Maybe you learned something about pulling wire.

"Could be how I am screwing down a box"
It's hard to say here if he was trying to get you to do it a better way, or if it was just non-since. Some of it goes back to how well people take criticism. It's hard for me to take it. As I want to think I'm doing may best. Sometimes you don't want to hear your doing it wrong. It kinda goes on the JW too with his approach. Sometimes I will just say something like: "You make that look hard. Let me show you a different way. See how much easier that went. Which way do you think is better?"

"How I let go of the chalk line"
Oh you SOB. I hate it when you get a nice clean chalk line and then the other person lets go of the end, making a big mess. 1st time it happens you tell the person not to let go. After 2nd time you tell em not to let go every time you snap another line. The 3rd time they let go, they say "you forgot to remind me that time", trying to blame you. At that point it should be time out time in the gang box for them. 

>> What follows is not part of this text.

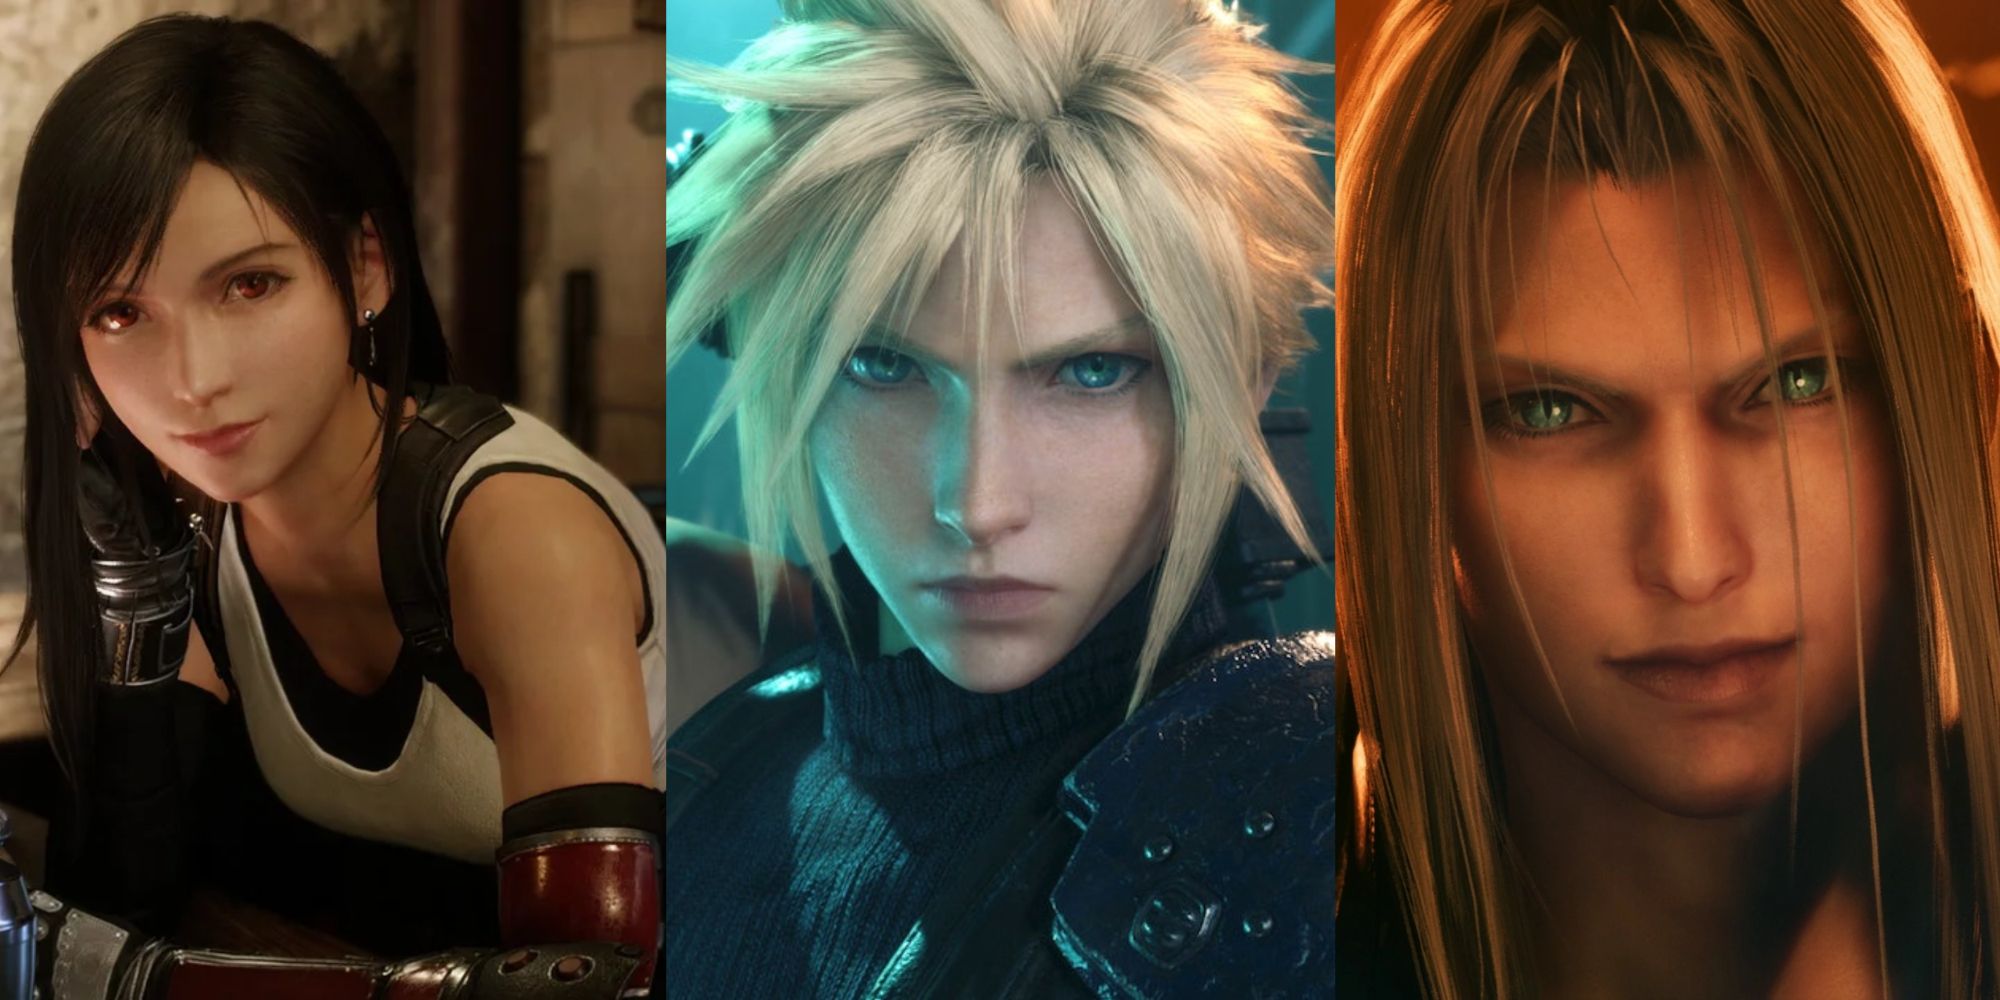 Final Fantasy 7: Every Main Character's Age, Height & Birthday

"Not having a certain amount of black and white tape on me"
A role of each?

"I swear he does to get under my skin"
Some people are hard to work with. That can happen the rest of your career. Really it doesn't matter what career. It's just life. Deal with it. If you get chance for a change the go for it. It's not forever. I have quit jobs just because I get tired of certain people.

"I put up with it but it never seems like he is ever happy when I do something right"
Your expecting a reward or a pat on the back. Good leaders give the workers credit for doing a good job. Not everyone's a good leader. Don't expect a pat on the back every J-box you hang. Your reward is in the form of a paycheck. Your acknowledgement for doing a good job is having a job tomorrow. 

"He uses comments that show belittlement"
People getting in the trade always seem to hear some trash talk. Not saying it's right, but it's happened with most people in the trade.

Good luck to you and hang in there.


----------